▶ PROMPT: Go through the listing and set it down exactly, leaving out its pictures.

▶ MATERIAL PROVIDED:
---------------
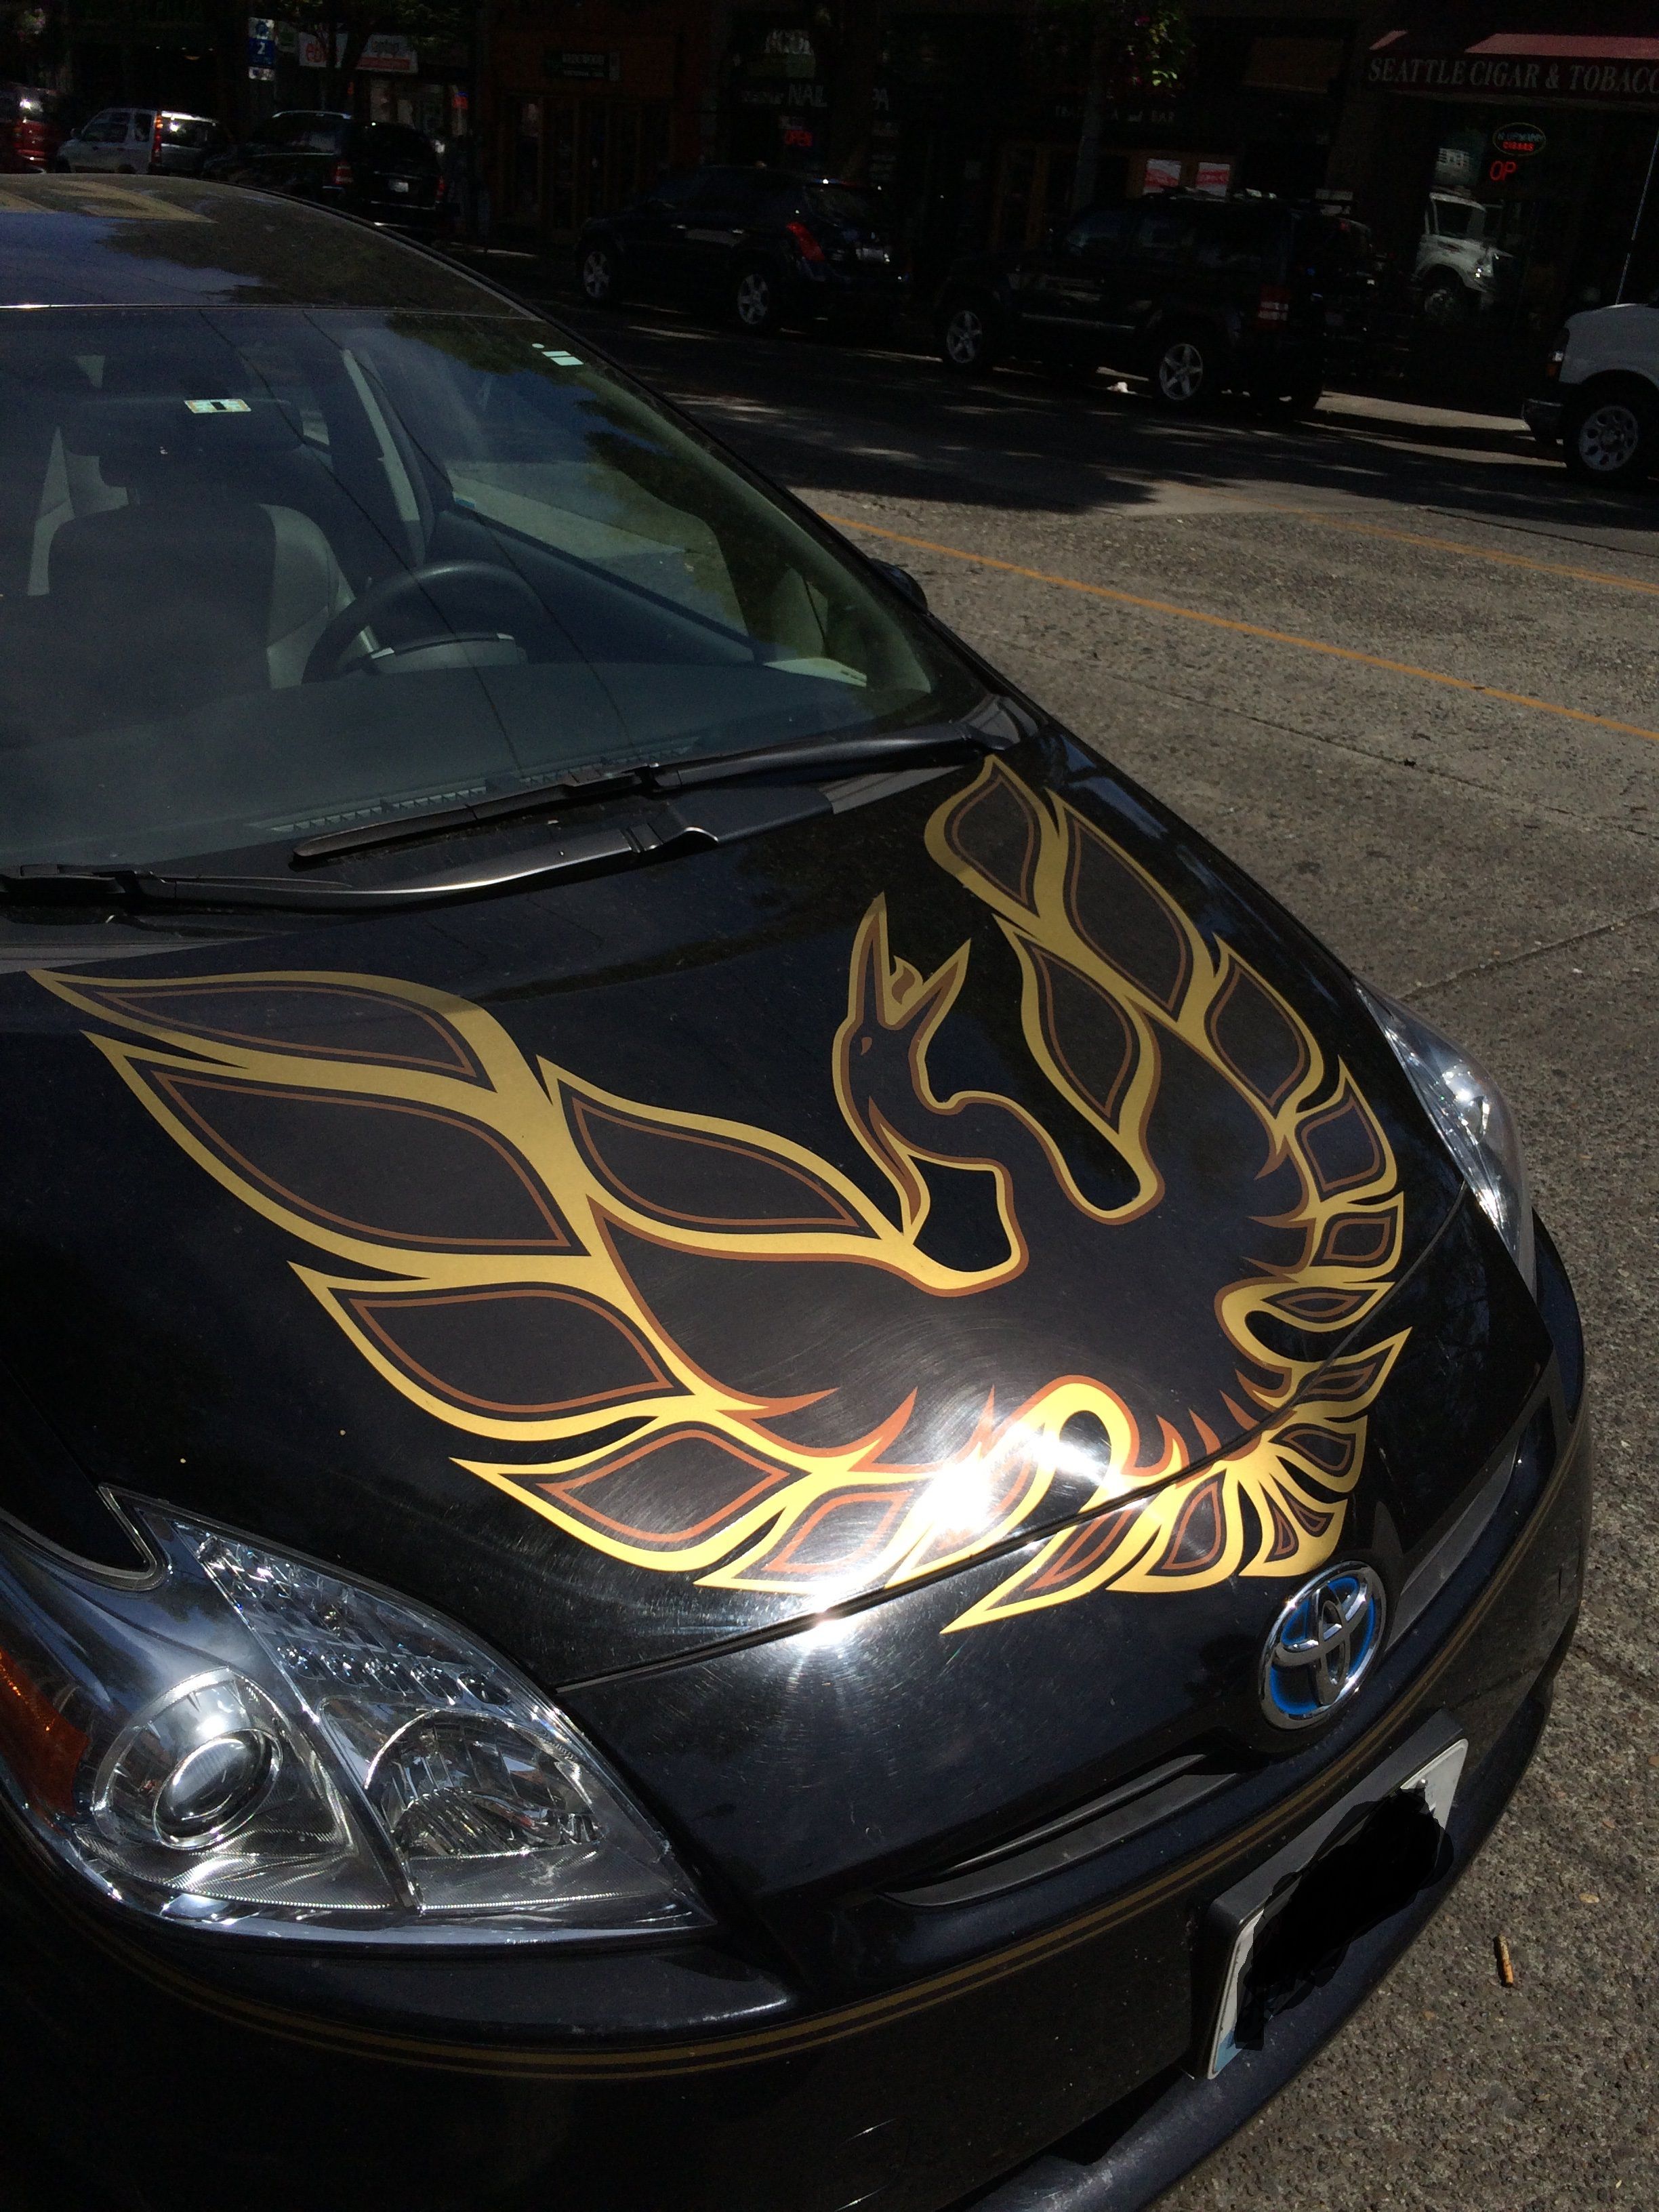 Trans Am bird on hood of a Prius
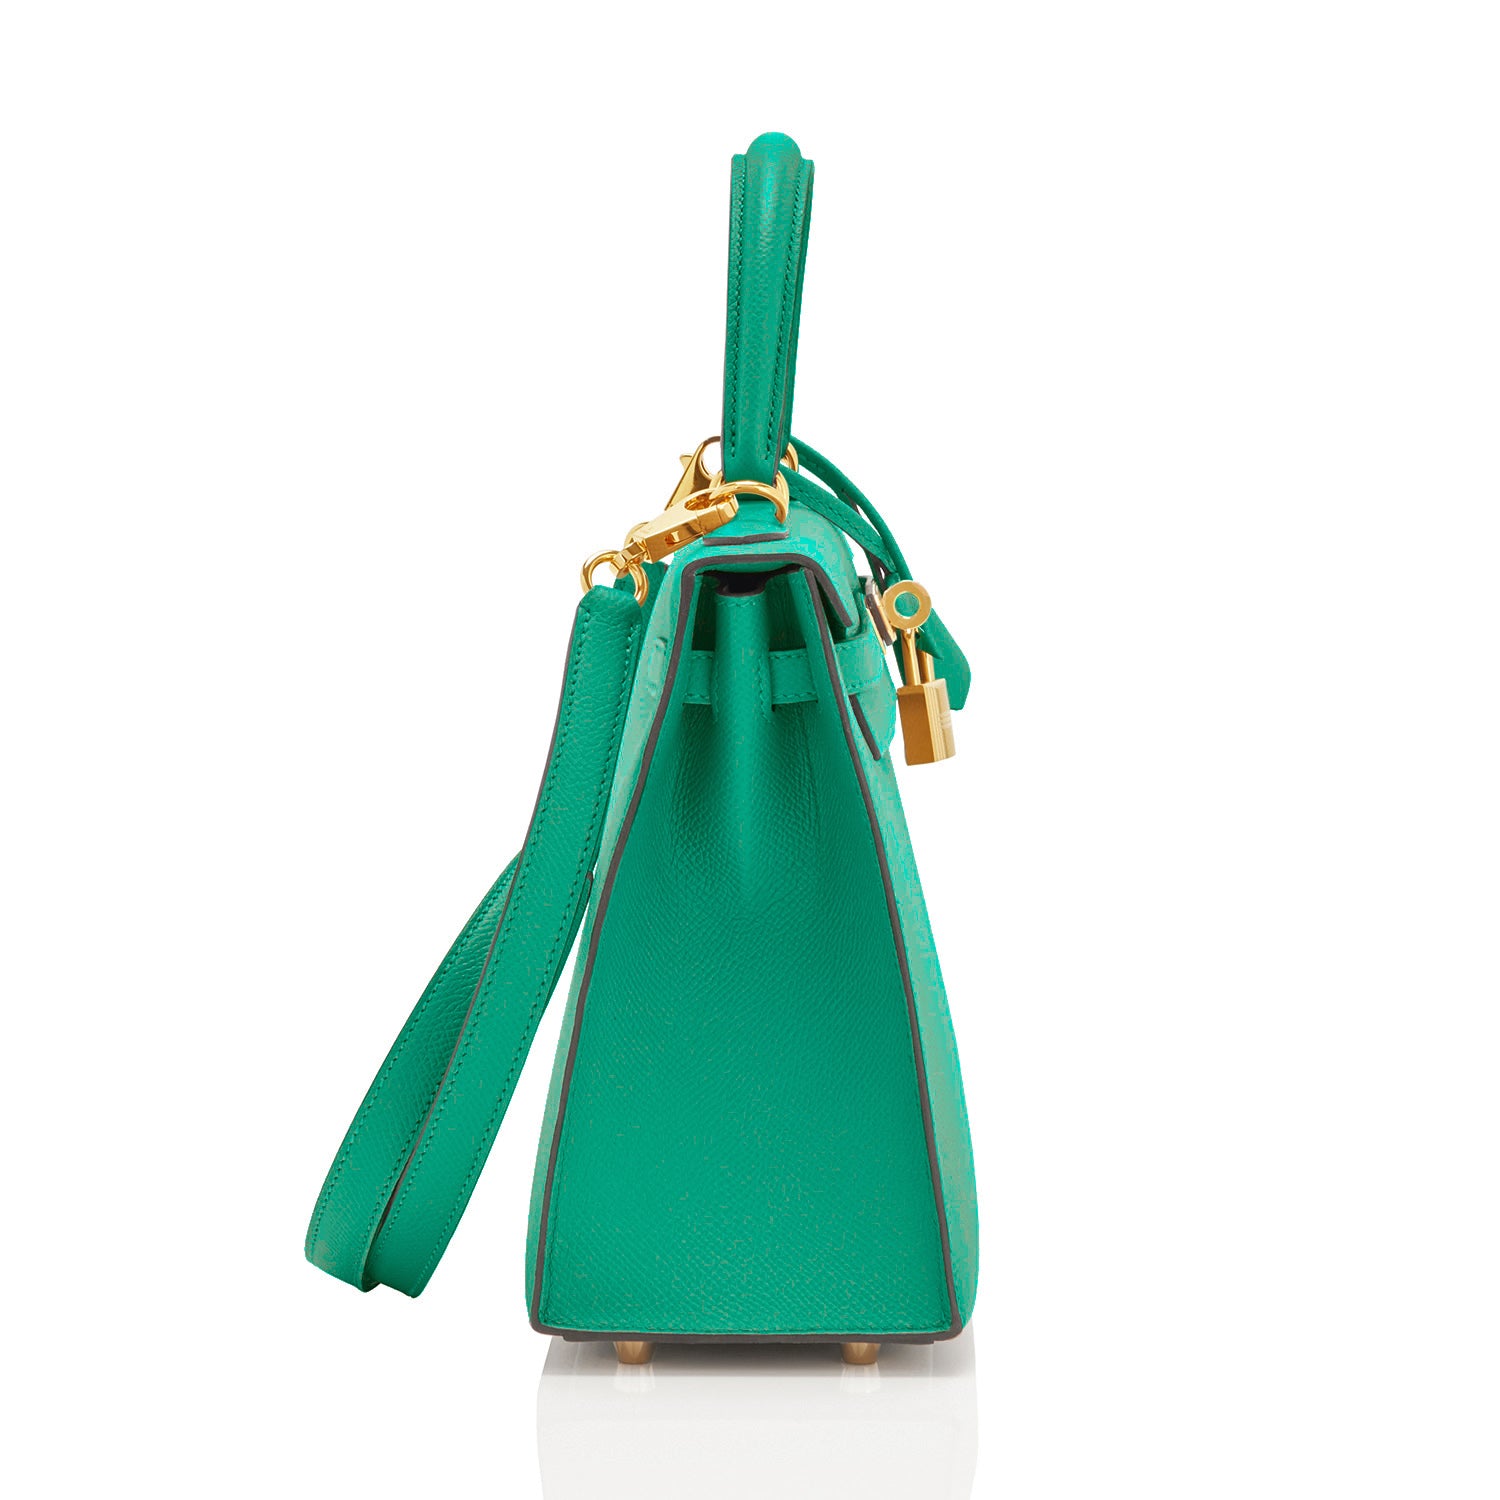 20cm MINI Kelly, Vert Vertigo color, EPSOM leather#mini kelly#kelly  bag#women bag#fashion handbag#designer bag
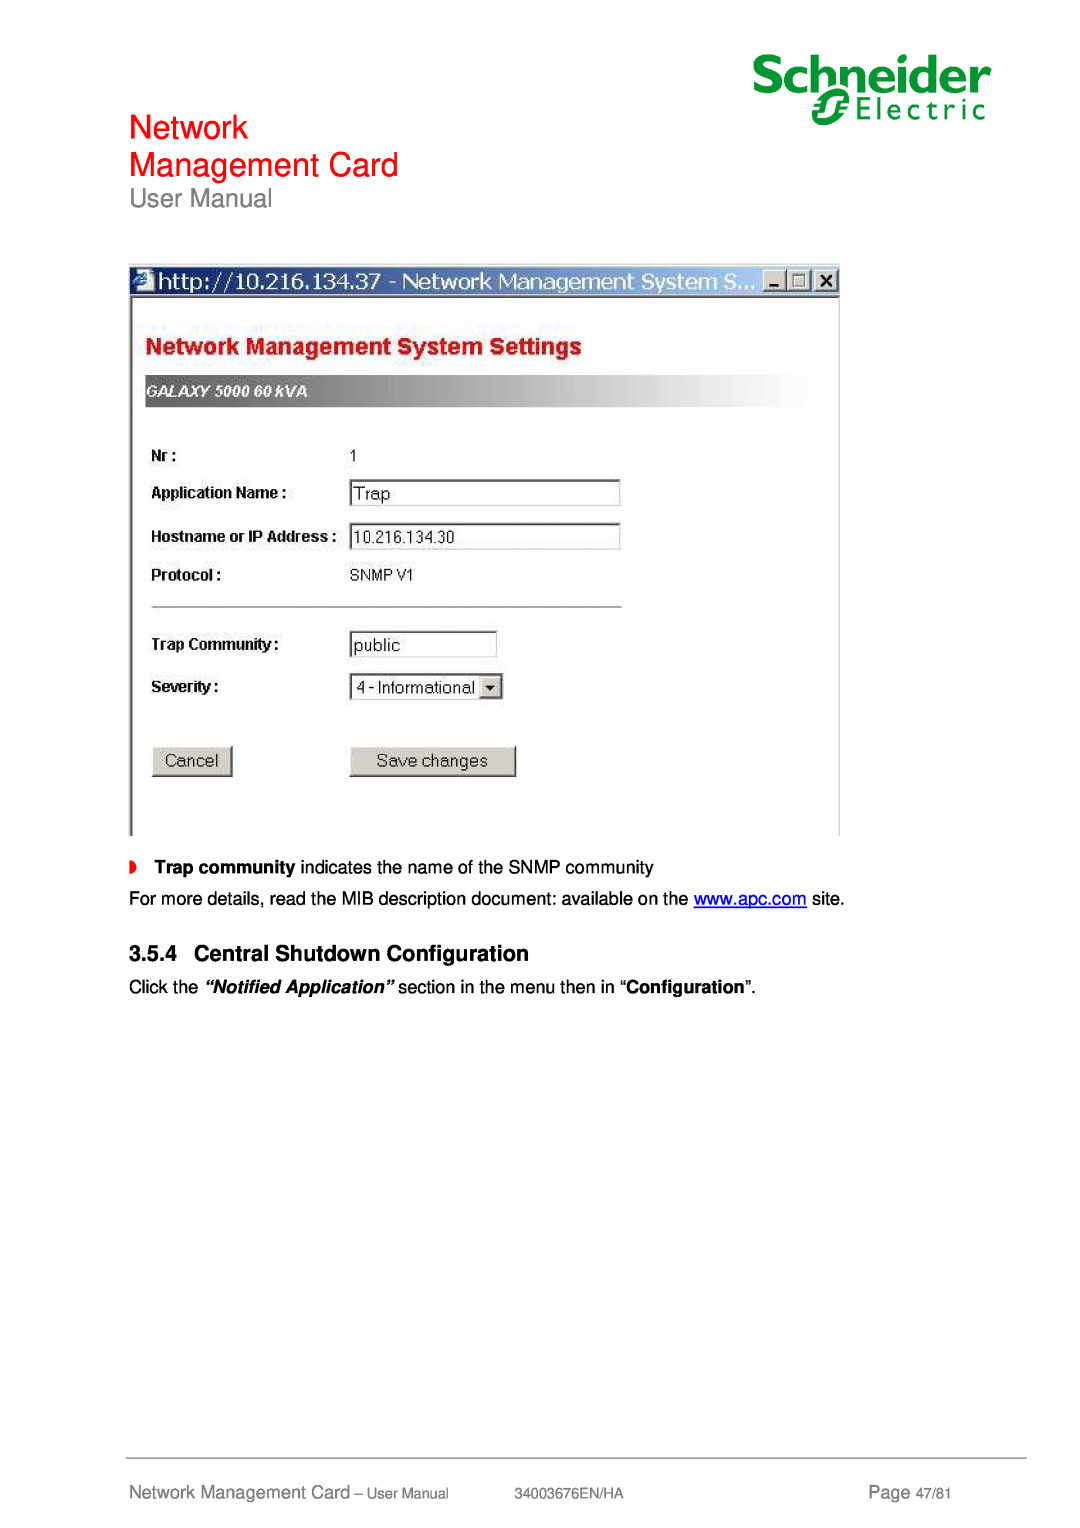 Schneider Electric 66074 Central Shutdown Configuration, Network Management Card, User Manual, Page 47/81, 34003676EN/HA
---------------
▶ REPLY:
 Trans Am bird on hood of a Prius
 20cm MINI Kelly, Vert Vertigo color, EPSOM leather#mini kelly#kelly  bag#women bag#fashion handbag#designer bag
 Schneider Electric 66074 Central Shutdown Configuration, Network Management Card, User Manual, Page 47/81, 34003676EN/HA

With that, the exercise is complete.